Cool image time! The photo to the right, cropped and reduced to post here, was taken on December 29, 2019 by the high resolution camera of Mars Reconnaissance Orbiter (MRO) and shows the many-layered scarp face of the Martian north polar ice cap. I have also rotated the image so that north is at the top. The overall height of this scarp is quite high, more than 3,500 feet.
There are a number of very cool features in this image. For example, note what at first look like puffs of clouds just below the contact between the bright and dark layers. I count almost two dozen, with the largest near the center. They are not cloud puffs, however, but areas scoured by past avalanches. According to Patricio Becerra at the University of Bern in Switzerland,
An image from a few years ago shows evidence for the same patches, so they likely happened a while back. When the avalanches or “block falls” occur, they scour the Basal Unit [the dark layer] and break up the exposed surface, causing a brighter/cloudier appearance of the ground than the undisturbed parts.
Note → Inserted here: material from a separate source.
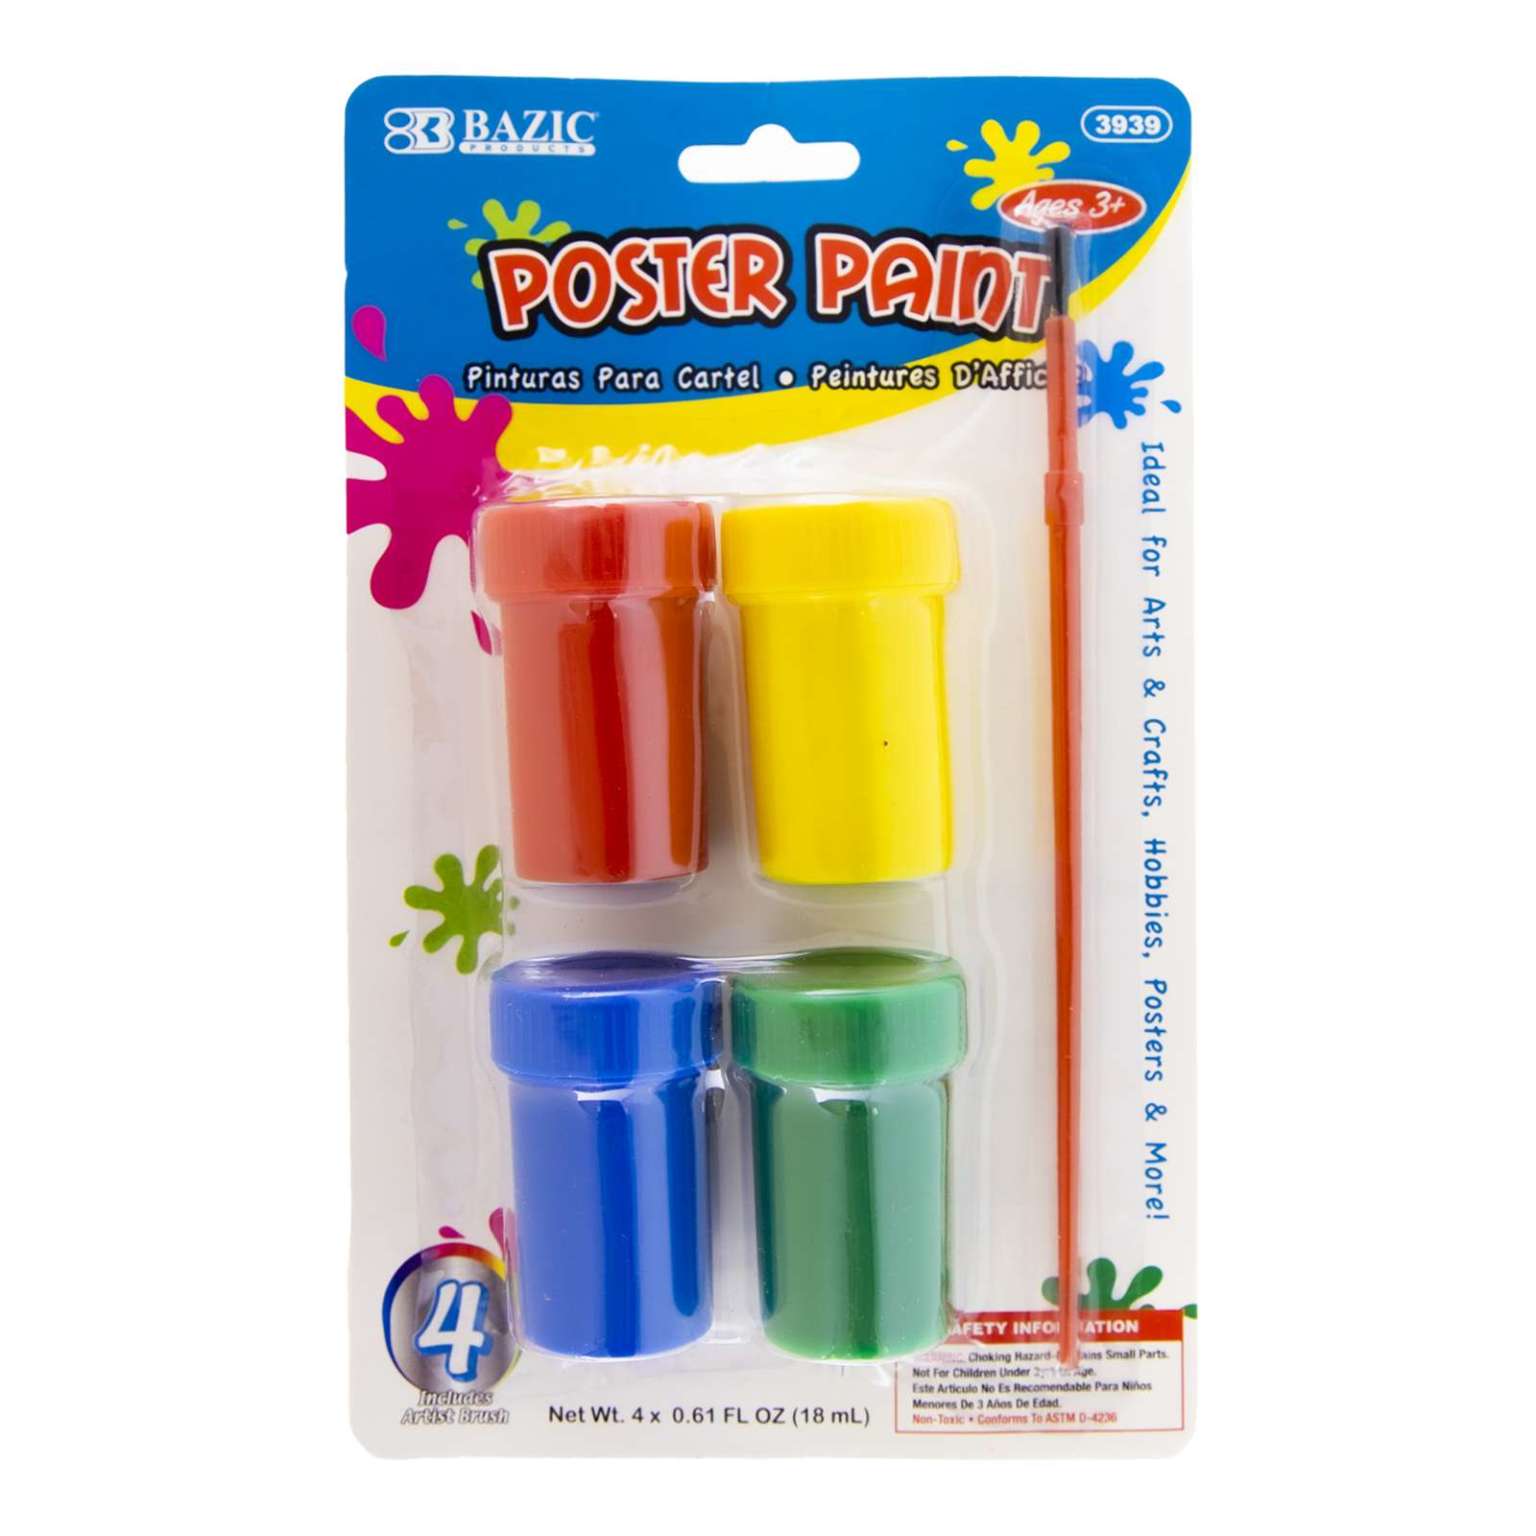 Wholesale Pastel Brush Markers - 6 Pack, Assorted - DollarDays

Avalanches on the scarps of the North Pole icecap occur in great numbers at the beginning of every Martian summer. As sunlight hits the scarp, it causes the carbon dioxide frost layer that settled on the cap during the winter to sublimate away as vapor, and like the freeze-melt cycle on Earth, this sublimation disturbs any unstable ice boulders on the scarp face.
During the early Martian summer, images from MRO routinely capture many such avalanches. Scientists think there could be hundreds to thousands every summer. In many ways, this is similar to the large pieces of ice that routinely calf off the foot of glaciers here on Earth, and that tourists take cruise ships to see in the inside passage of Alaska.
For context, the overview map below indicates with a gold cross where on the icecap’s edge this image is located. The red and pink areas indicate the vast dune fields that surround the icecap.